§ Source material:
BEGIN
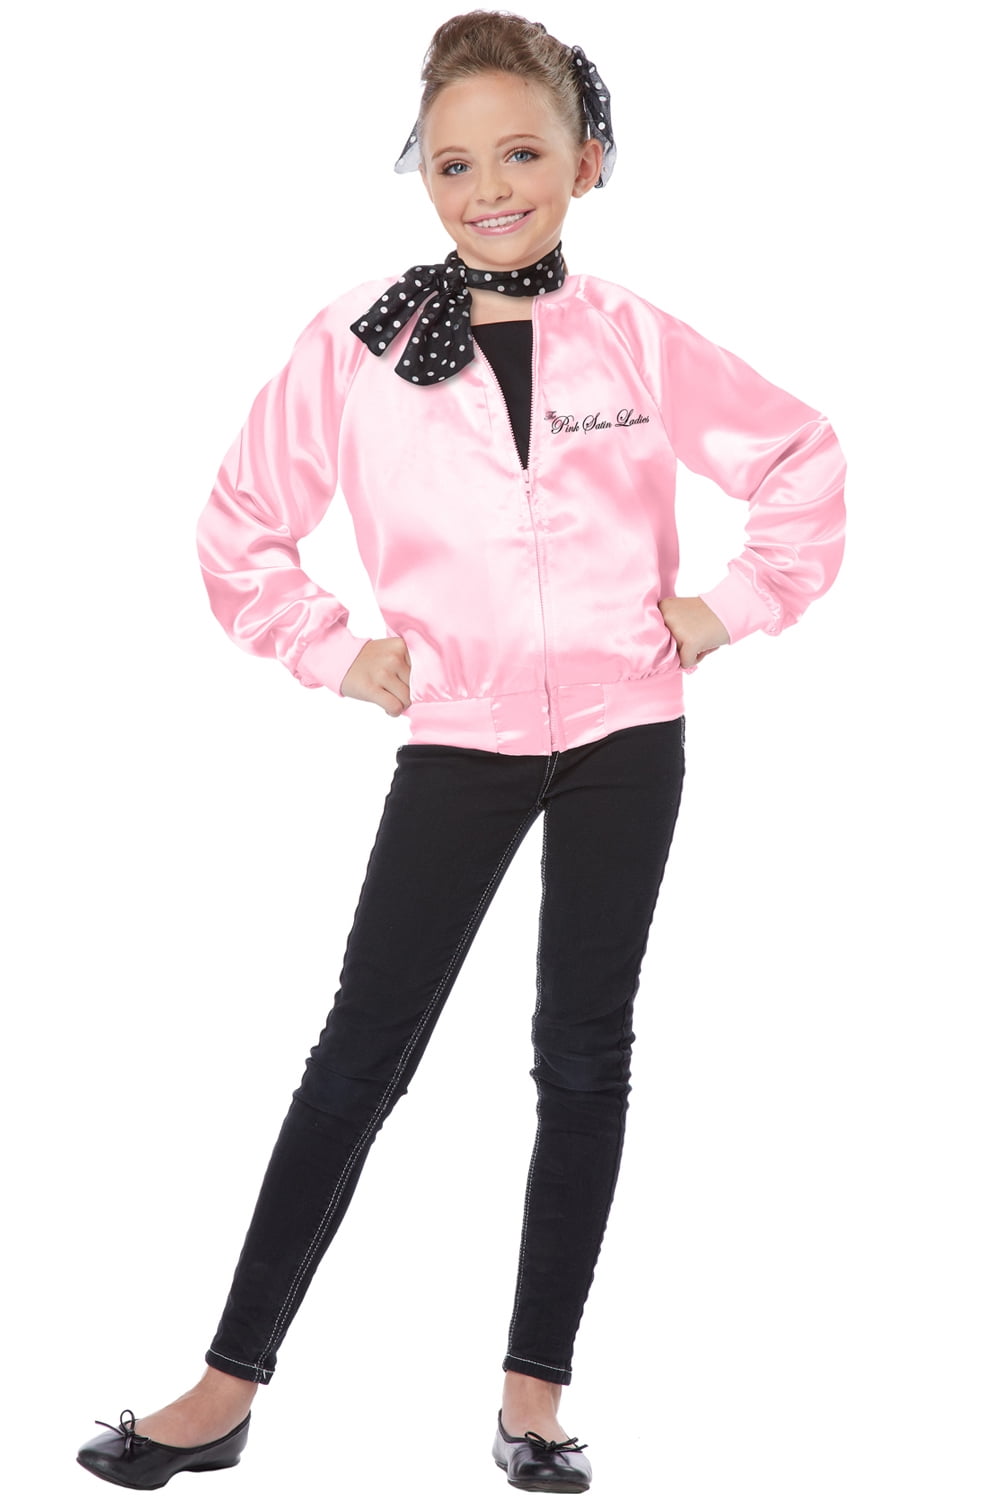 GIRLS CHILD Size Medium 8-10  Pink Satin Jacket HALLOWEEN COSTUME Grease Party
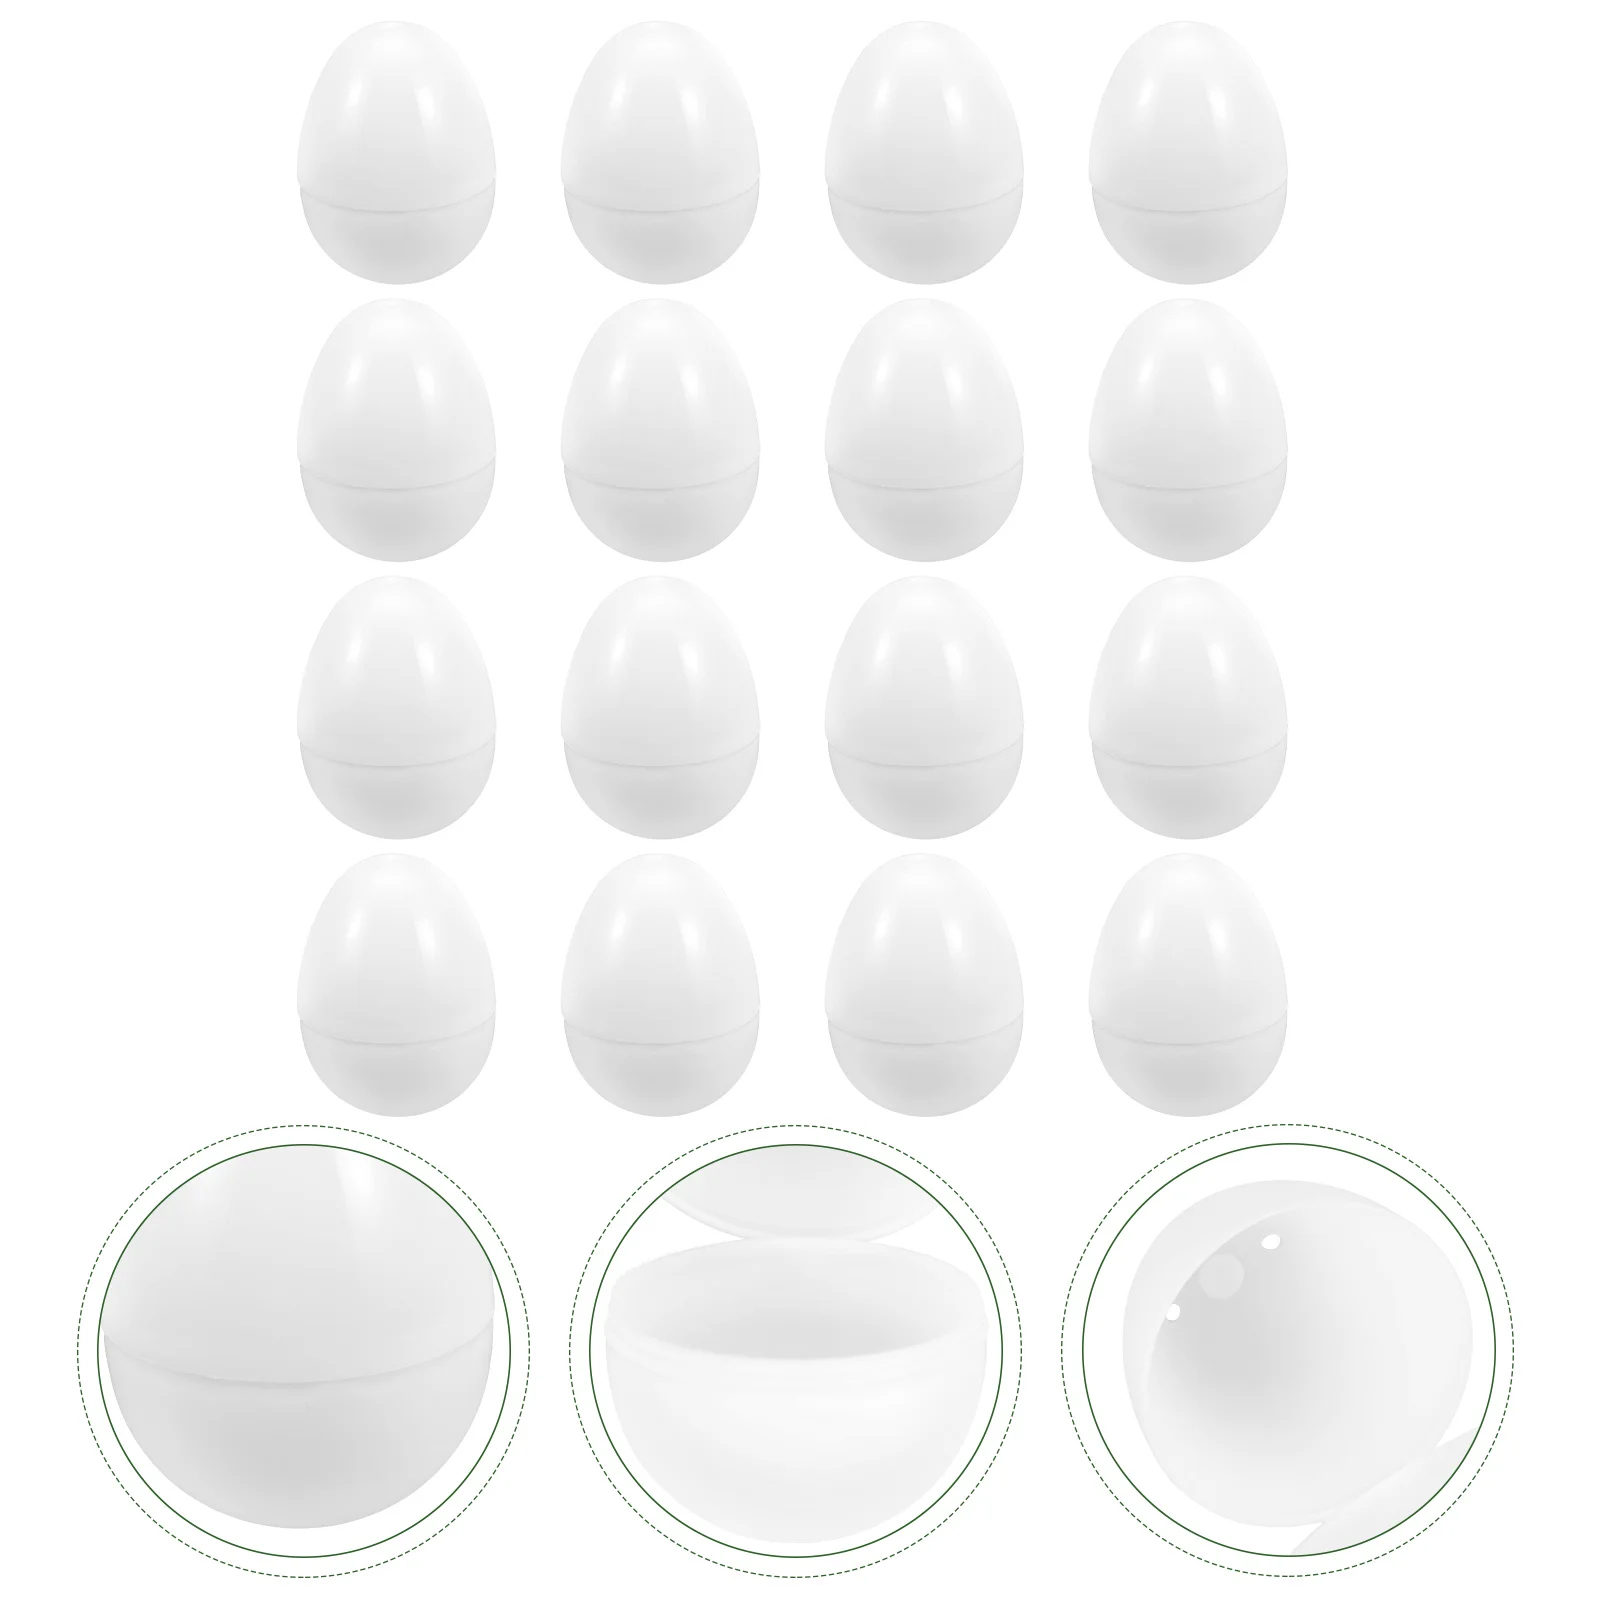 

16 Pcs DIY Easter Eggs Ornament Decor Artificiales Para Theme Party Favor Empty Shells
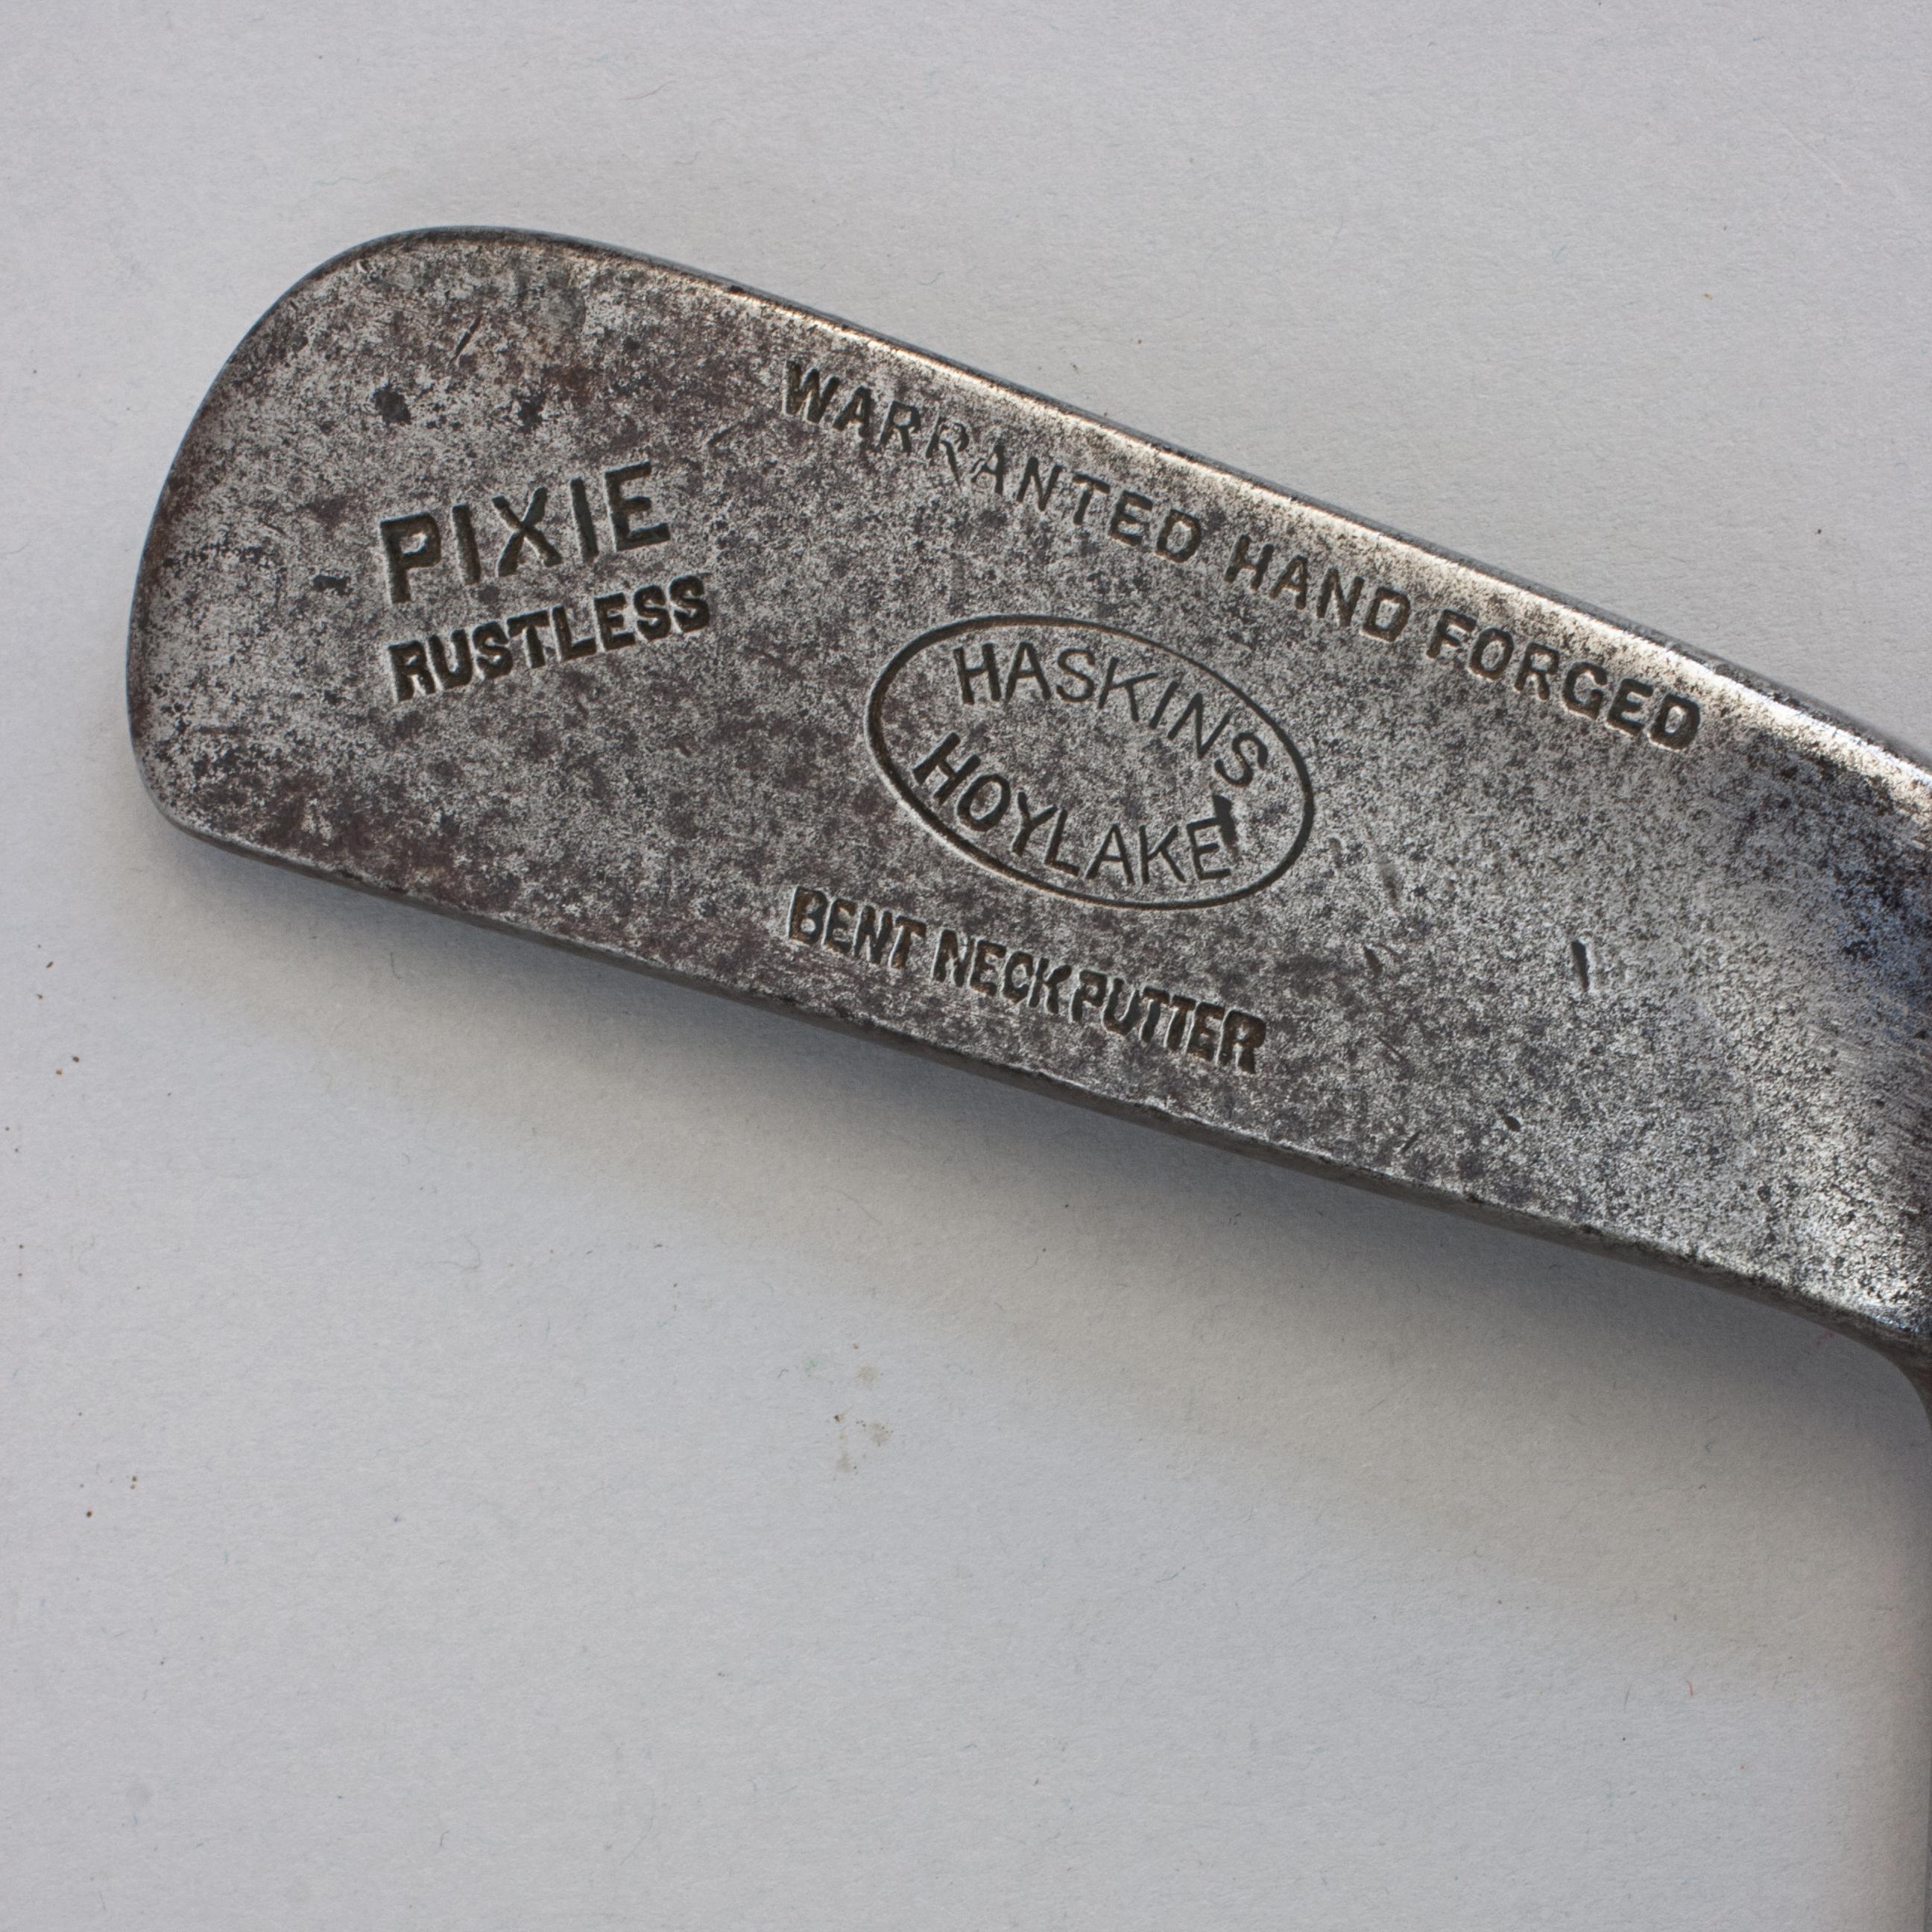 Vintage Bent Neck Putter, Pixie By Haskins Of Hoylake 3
END
§ What to work on: For this exercise, retype the listing above word for word and omit the pictures.

§ Response:
 GIRLS CHILD Size Medium 8-10  Pink Satin Jacket HALLOWEEN COSTUME Grease Party

16 Pcs DIY Easter Eggs Ornament Decor Artificiales Para Theme Party Favor Empty Shells
 Vintage Bent Neck Putter, Pixie By Haskins Of Hoylake 3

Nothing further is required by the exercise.